To clarify - does Milvus support using GCS as the externalS3
if not running on the GKE or GCE (therefore no IAM)?
@punkerpunker It doesn't support using GCS without IAM.
feel free to contribute if anyone has the requirement
I'm also facing issues getting GCS to work as externalS3. Some components cannot work with IAM enabled while other components cannot work with IAM disabled.

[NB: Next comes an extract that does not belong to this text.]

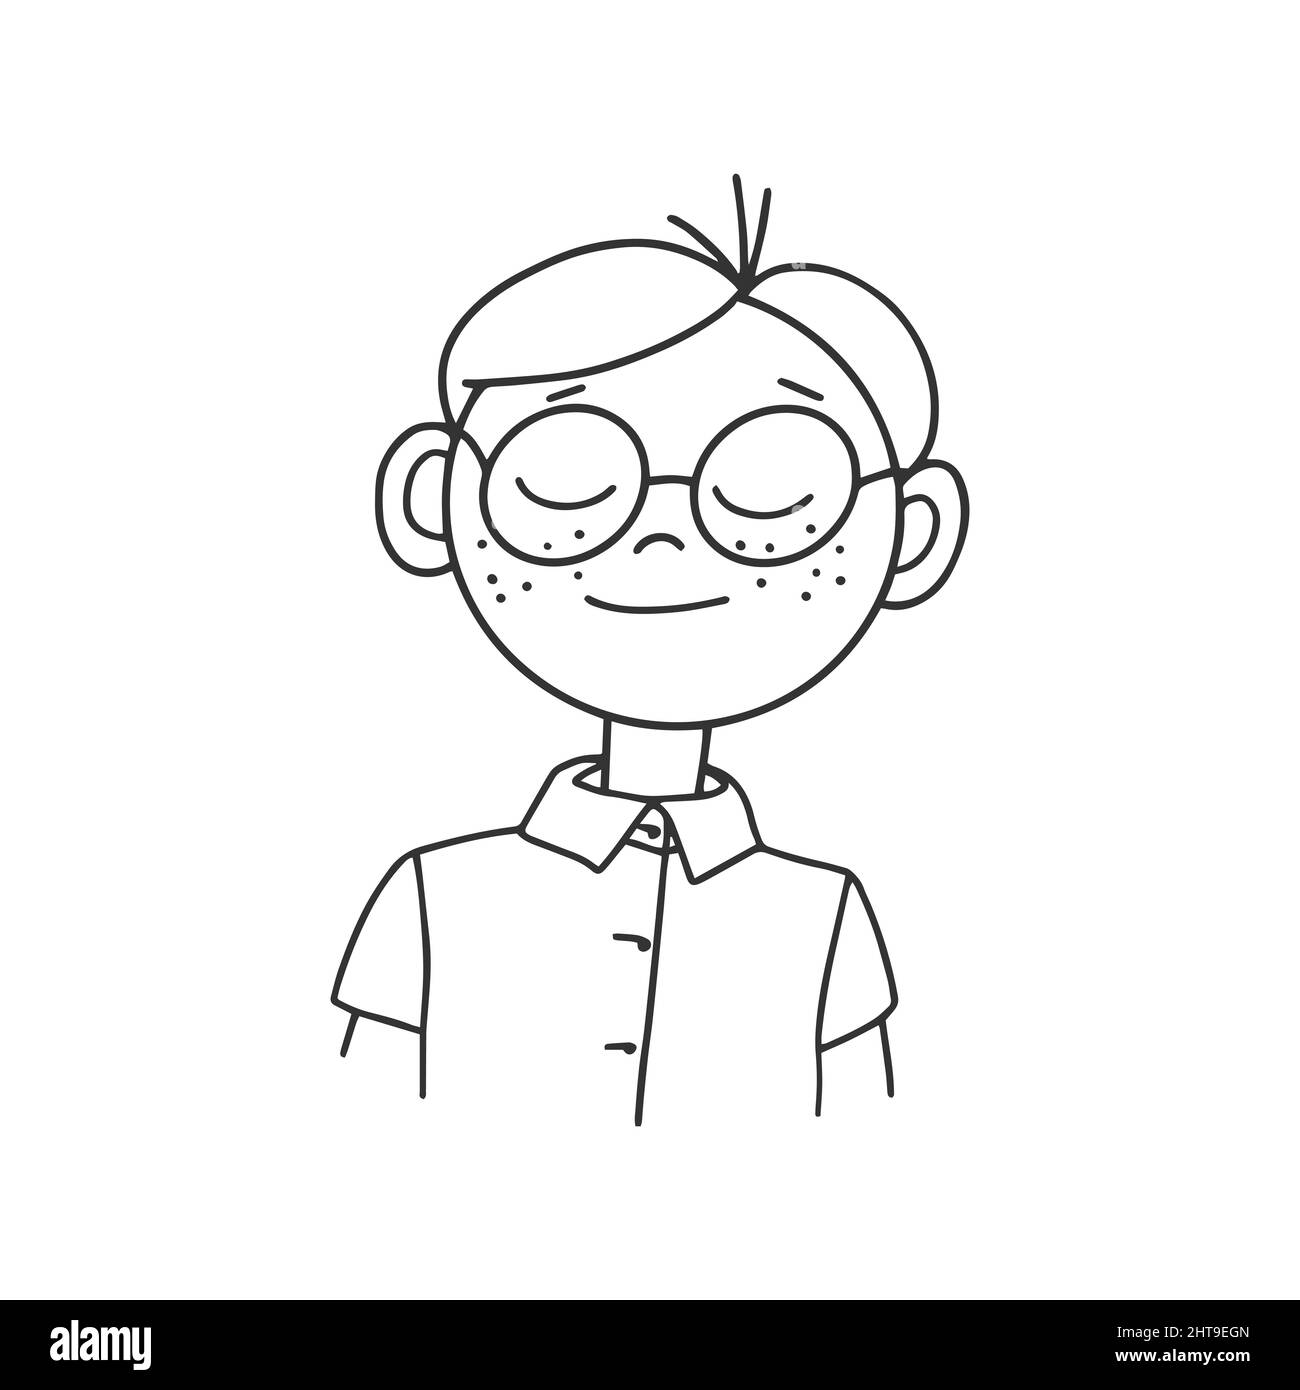 Konturzeichnung eines Zeichentrickfilters mit Brille. Doodle StyleKonturzeichnung eines Zeichentrickfilms in einer Brille mit Emotionen im Gesicht. Doodle-Stil Stock Vektor

For example, when I set useIAM: true
, dataNode
fails with Access denied
:
[WARN] [storage/minio_chunk_manager.go:203] ["failed to put object"] [path=insert_log/442152882448630211/442152882448630212/442152882448830296/0/442152882448830306] [error="Access denied."]
...
[WARN] [datanode/flush_task.go:230] ["flush task error detected"] [error="All attempts results:\nattempt #1:All attempts results:\nattempt #1:Access denied.\nattempt #2:Access denied.\nattempt #3:Access denied.\nattempt #4:Access denied.\nattempt #5:Access denied.\n\nattempt #2:All attempts results:\nattempt #1:Access denied.\nattempt #2:Access denied.\nattempt #3:Access denied.\nattempt #4:Access denied.\nattempt #5:Access denied.\n\nattempt #3:All attempts results:\nattempt #1:Access denied.\nattempt #2:Access denied.\nattempt #3:Access denied.\nattempt #4:Access denied.\nattempt #5:Access denied.\n\nattempt #4:All attempts results:\nattempt #1:Access denied.\nattempt #2:Access denied.\nattempt #3:Access denied.\nattempt #4:Access denied.\nattempt #5:Access denied.\n\nattempt #5:All attempts results:\nattempt #1:Access denied.\nattempt #2:Access denied.\nattempt #3:Access denied.\nattempt #4:Access denied.\nattempt #5:Access denied.\n\nattempt #6:All attempts results:\nattempt #1:Access denied.\nattempt #2:Access denied.\nattempt #3:Access denied.\nattempt #4:Access denied.\nattempt #5:Access denied.\n\nattempt #7:All attempts results:\nattempt #1:Access denied.\nattempt #2:Access denied.\nattempt #3:Access denied.\nattempt #4:Access denied.\nattempt #5:Access denied.\n\nattempt #8:All attempts results:\nattempt #1:Access denied.\nattempt #2:Access denied.\nattempt #3:Access denied.\nattempt #4:Access denied.\nattempt #5:Access denied.\n\nattempt #9:All attempts results:\nattempt #1:Access denied.\nattempt #2:Access denied.\nattempt #3:Access denied.\nattempt #4:Access denied.\nattempt #5:Access denied.\n\nattempt #10:All attempts results:\nattempt #1:Access denied.\nattempt #2:Access denied.\nattempt #3:Access denied.\nattempt #4:Access denied.\nattempt #5:Access denied.\n\n"] []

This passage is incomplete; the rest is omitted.